● Work required: Down to the last line, restate the material below exactly.

● Collected material:
-=-=-

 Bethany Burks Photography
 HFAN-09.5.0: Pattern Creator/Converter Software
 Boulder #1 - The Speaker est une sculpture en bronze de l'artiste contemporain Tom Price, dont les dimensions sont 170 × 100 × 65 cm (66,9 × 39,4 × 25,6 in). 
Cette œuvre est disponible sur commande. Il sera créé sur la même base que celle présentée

-=-=-

● Task response:
 Bethany Burks Photography
 HFAN-09.5.0: Pattern Creator/Converter Software
 Boulder #1 - The Speaker est une sculpture en bronze de l'artiste contemporain Tom Price, dont les dimensions sont 170 × 100 × 65 cm (66,9 × 39,4 × 25,6 in). 
Cette œuvre est disponible sur commande. Il sera créé sur la même base que celle présentée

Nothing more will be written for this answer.